Darby Creek in Clifton Heights a 100 year old view

NOTE: In 1904 Andrew Carnegie, the steel magnate from Pittsburgh, created the Carnegie Hero Fund. The fund awards medals and cash to individual heroes who are nominated and approved. The fund still exists today.



 Event Will Take Place Sunday Evening in the First Presbyterian Church at Clifton Heights

February 11, 1910

                There will be a service of great interest in the First Presbyterian church of Clifton Heights next Sabbath evening at 3 o’clock when the pastor, Rev. W. R. Huston, will tender to William C. Buley of Clifton Heights, the Carnegie Hero Medal recently awarded to him by the Carnegie Hero Fund Commission for saving of the life of Mrs.

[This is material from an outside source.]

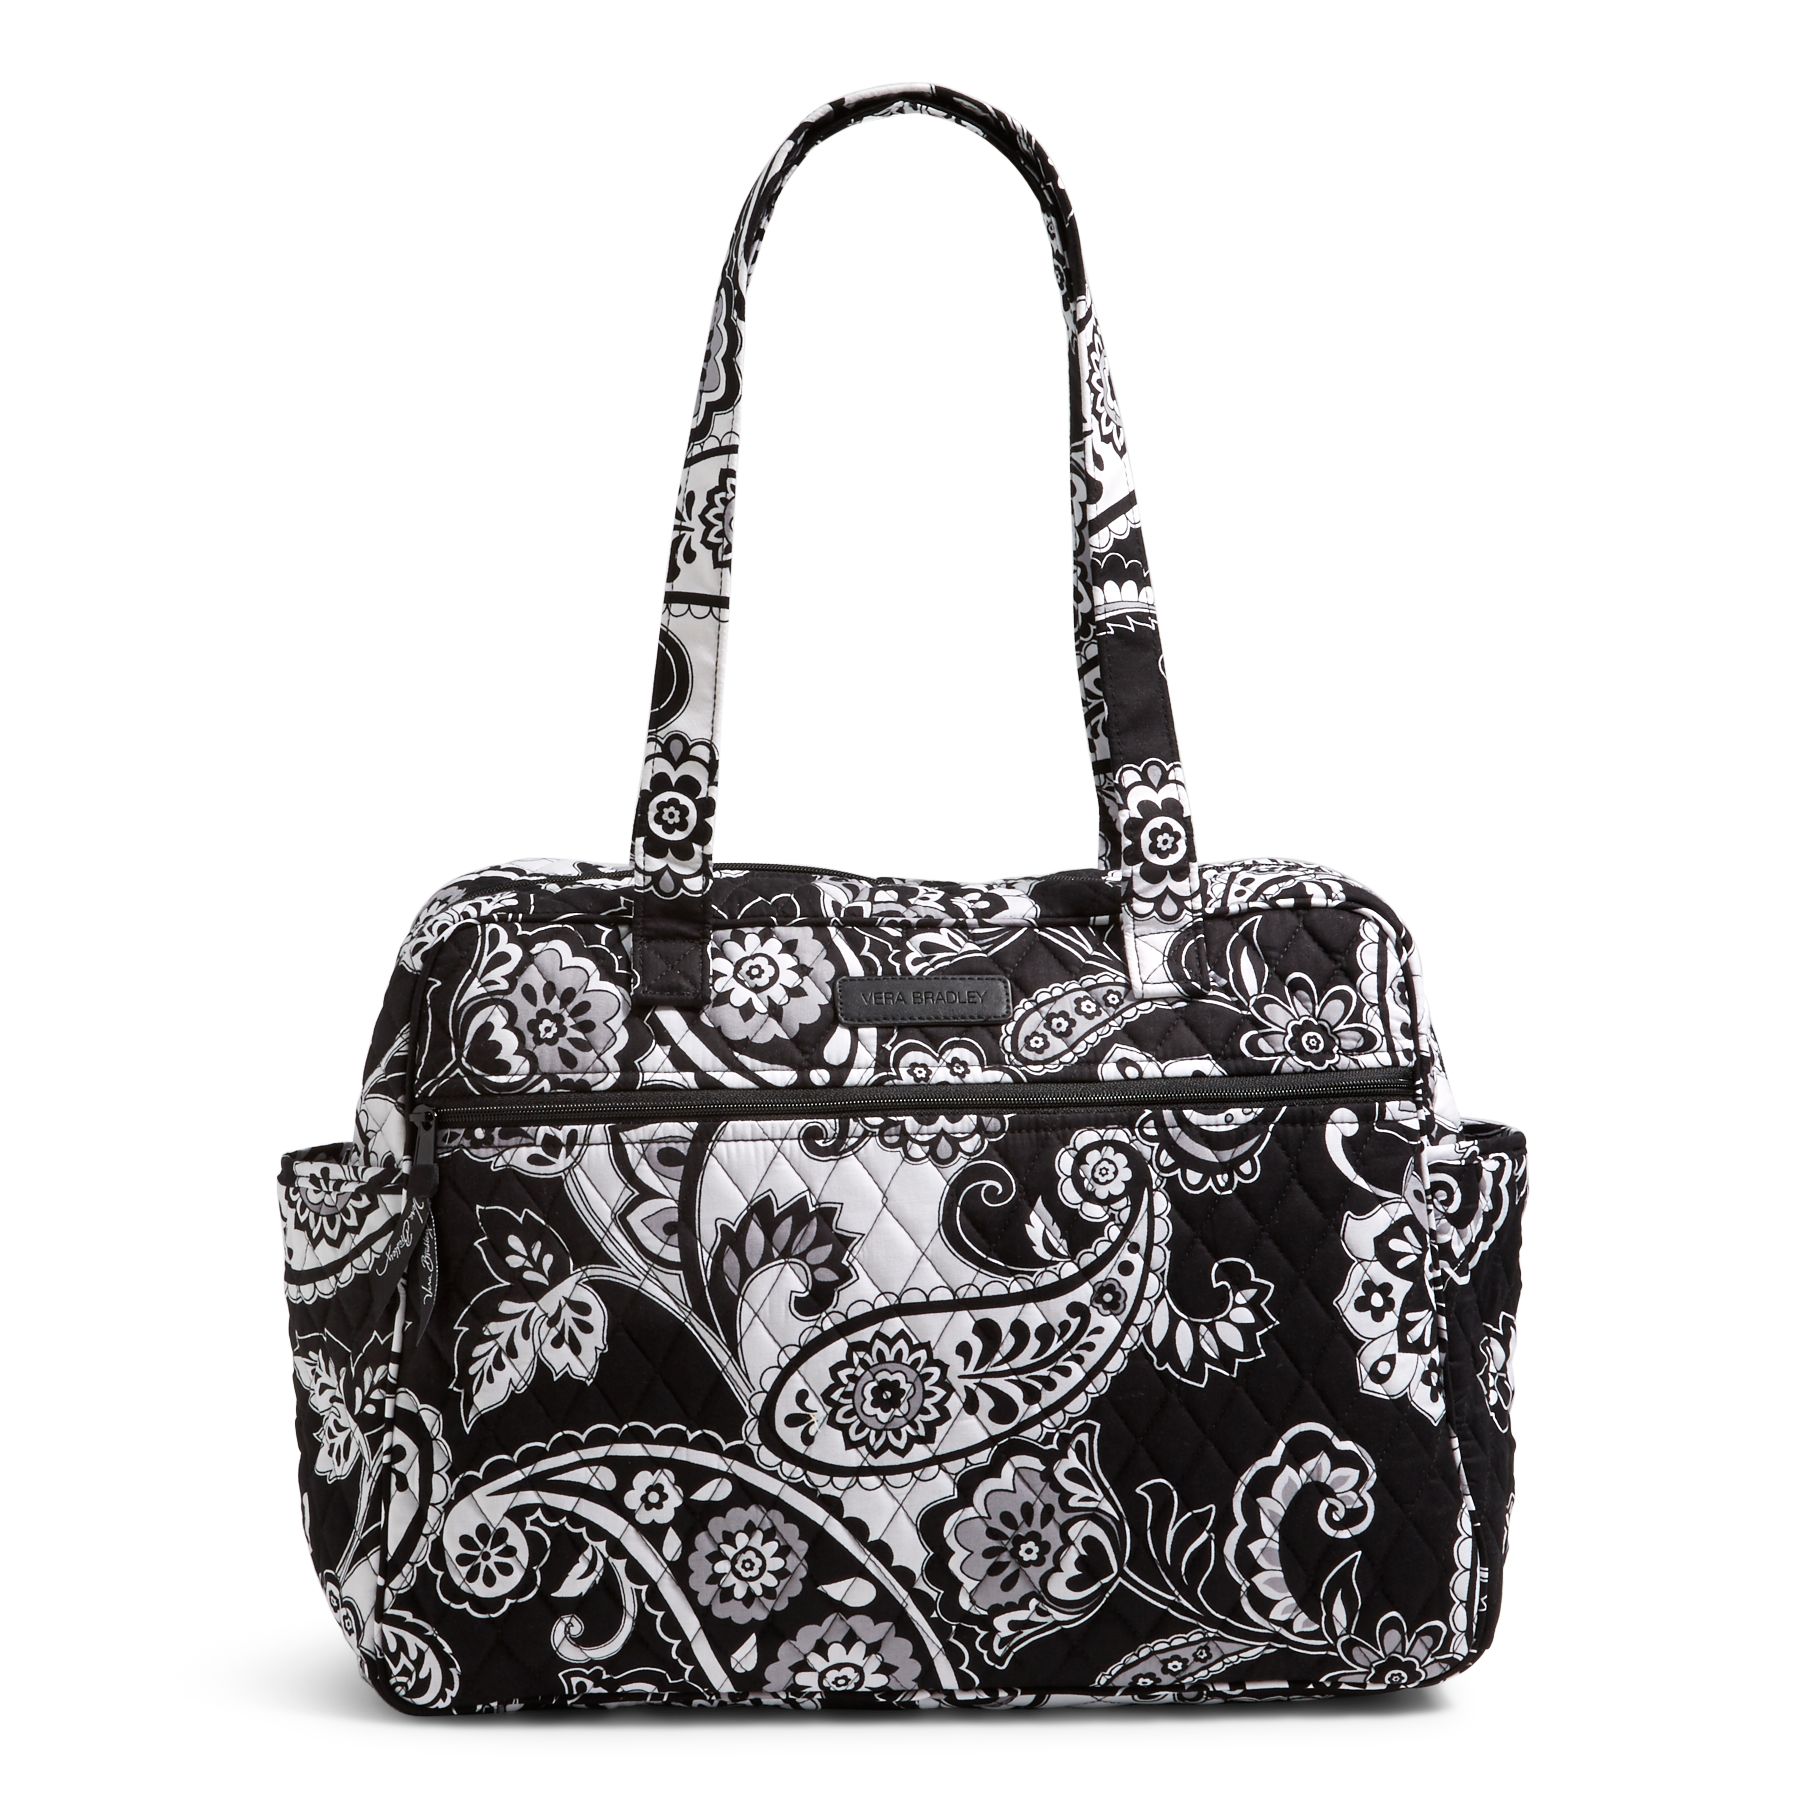 Vera Bradley Factory Exclusive Baby Bag | eBay

Hannah A. Lewis, wife of George D. Lewis, at Clifton Station, Aldan, April 16, 1908.
                The address will be made by V. Gilpin Robinson, Esq., the undistinguished attorney of Delaware County on “Christian Courage” and the choir will render special music.
                An invitation has been extended to both the local fire companies to attend this service and also to the community in general when all may fittingly recall the words of Jesus inscribed upon the medal, “Greater love hath no man than this that a man lay down his life for his friends.” – John XV.-13.

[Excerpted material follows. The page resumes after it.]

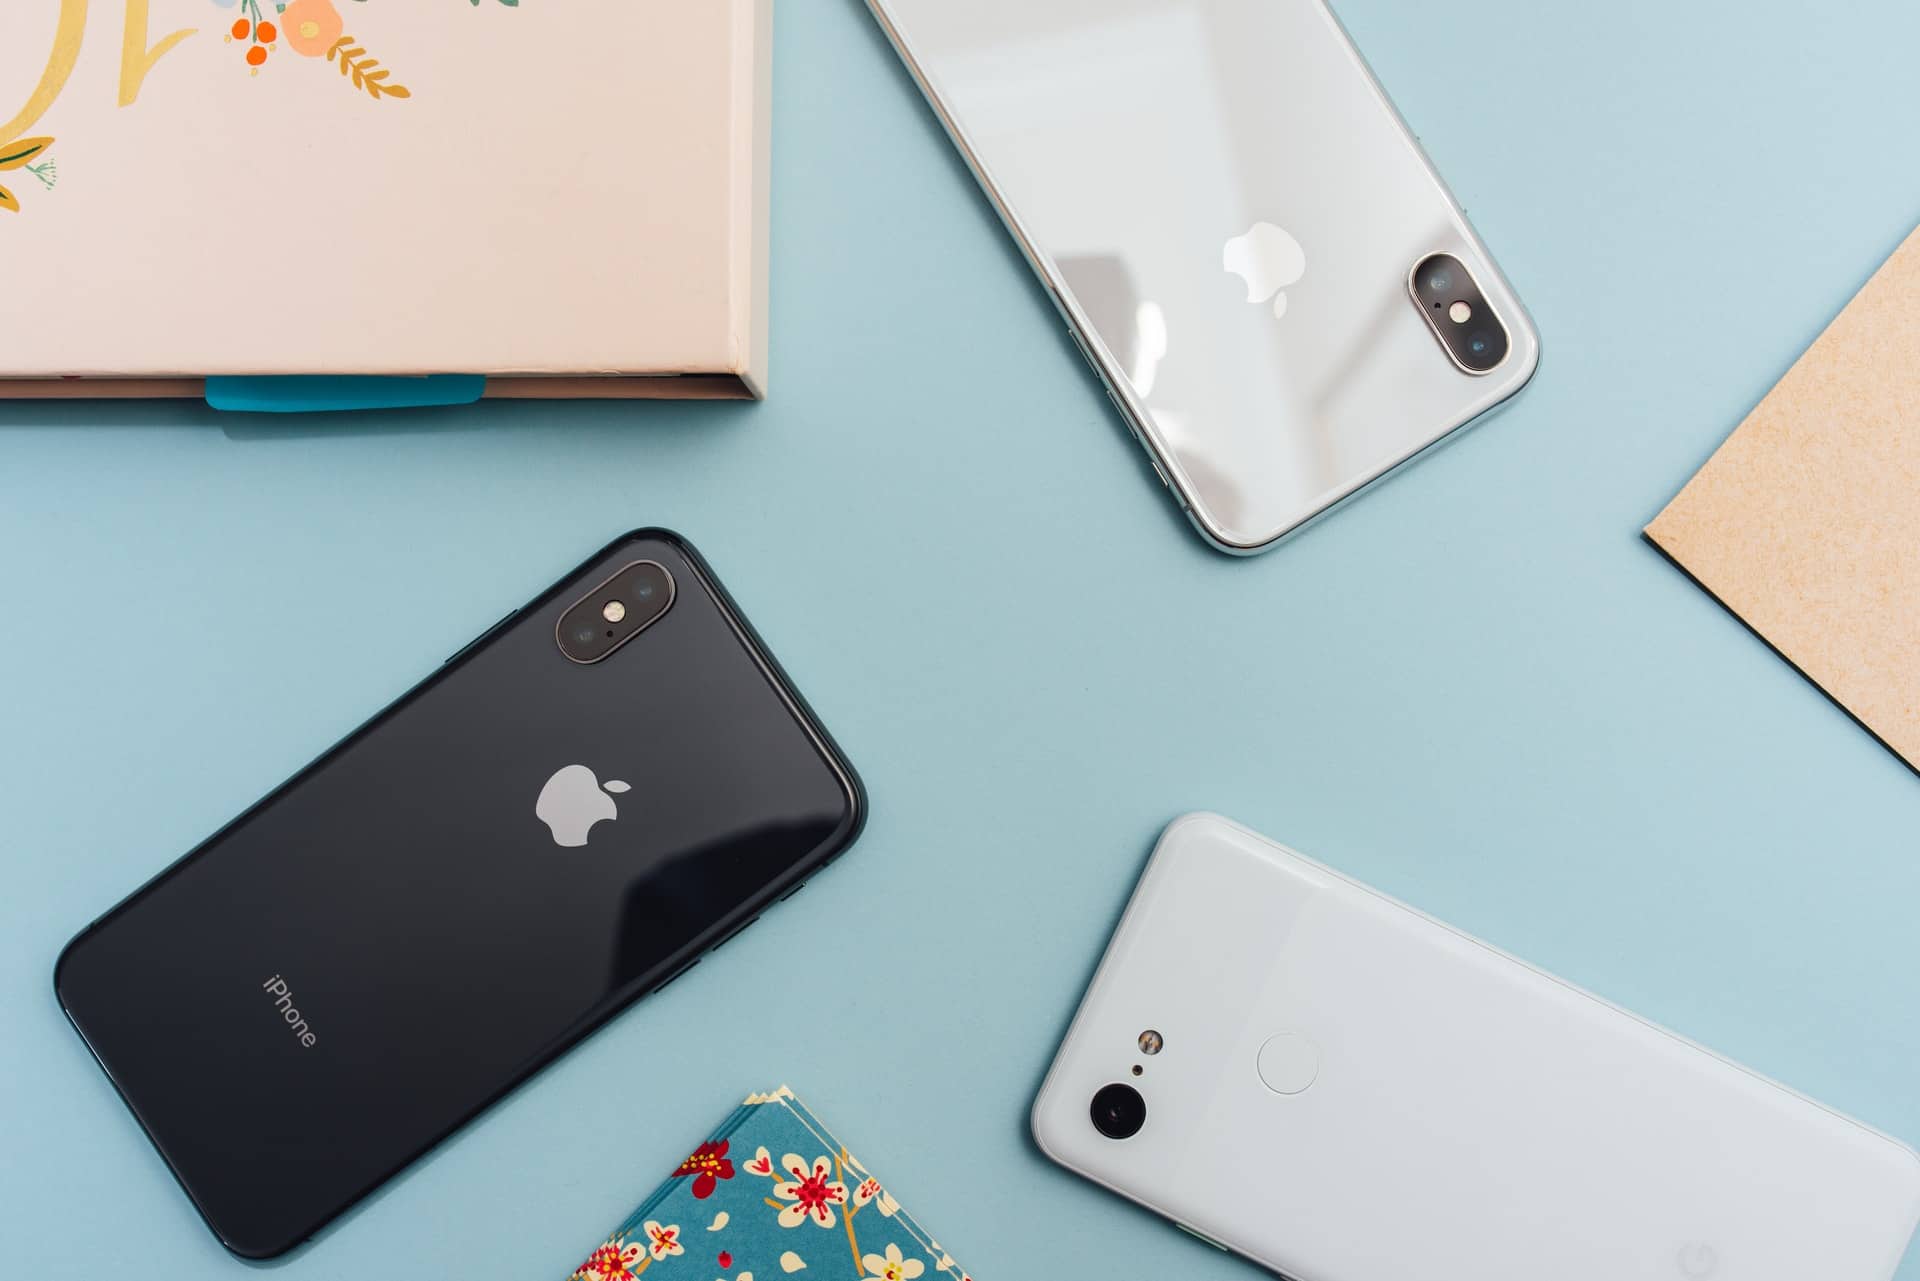 Lire la suite à propos de l’article iPhone 12 et Black Friday : quelles promotions pour les téléphones Apple ?

                Mr. Buley’s act in saving the life of Mrs. Lewis was one which at the time, attracted the attention of the whole community of Aldan, Clifton Heights and vicinity and called forth unstinted praise.  Mrs. Lewis, who lives in Germantown, has been on a visit to friends in Clifton Heights, and going to the train to return home crossed over the tracks of the Pennsylvania railroad from the Clifton Heights to the Aldan side by walking on the tracks over the Springfield Road bridge and around the end of the track fence rather than go down the steps and under the railroad.  While on the bridge on the Aldan side the train came around the curve behind her and she started to run, fell upon the bridge, arose, and ran forward only to fall again in front of the approaching train.  Mr. Buley was on the platform of the station waiting for the train and seeing the woman’s peril ran to her help, jumped down upon the track, seized her prostrate form and threw himself backward upon the station platform just in time to save both the woman and himself from a terrible death.  The rescue was so close that the engineer thought he had run over both of them.  Mrs. Lewis was slightly struck by the engine in passing.  Mr. Buley was unhurt.

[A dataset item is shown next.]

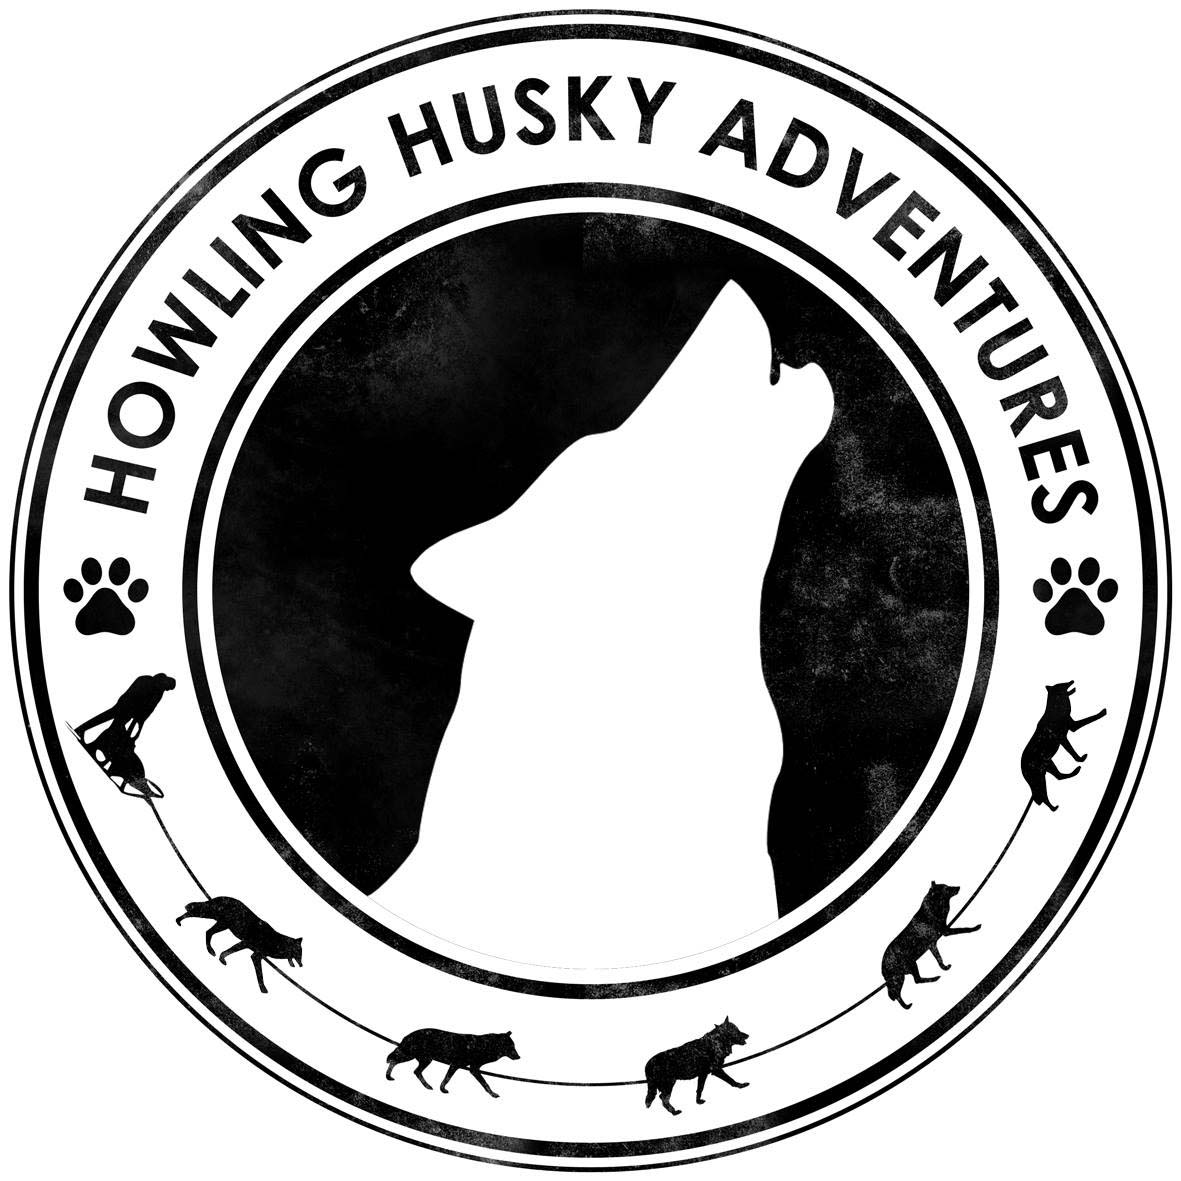 Howling Husky Adventures logo

                The tragedy of the occasion was greatly increased by the death of Mr. McCue, a young man employed by the Pennsylvania railroad, who was on the train which came to such a sudden and unexpected stop upon the Springfield Road Bridge.  In attempting to go forward to see the cause of the sudden stopping of the train, Mr. McCue stepped out from the train upon the railing of the bridge, which broke beneath his weight and he was thrown to the street below injuring his spine and causing his death a few days later.
                The attention of the Carnegie Hero Fund Commission was called to the act of Mr. Buley by the pastor of the First Presbyterian church and that Commission, after careful investigation, examination of the conditions and hearing of the witnesses awarded to Mr. Buley a bronze medal and seventeen hundred and fifty dollars ($1750), a sum sufficient to cancel the mortgage upon his home.  Mr. Buley is married and has six children, and had his noble effort cost him his life their loss would have been irreparable.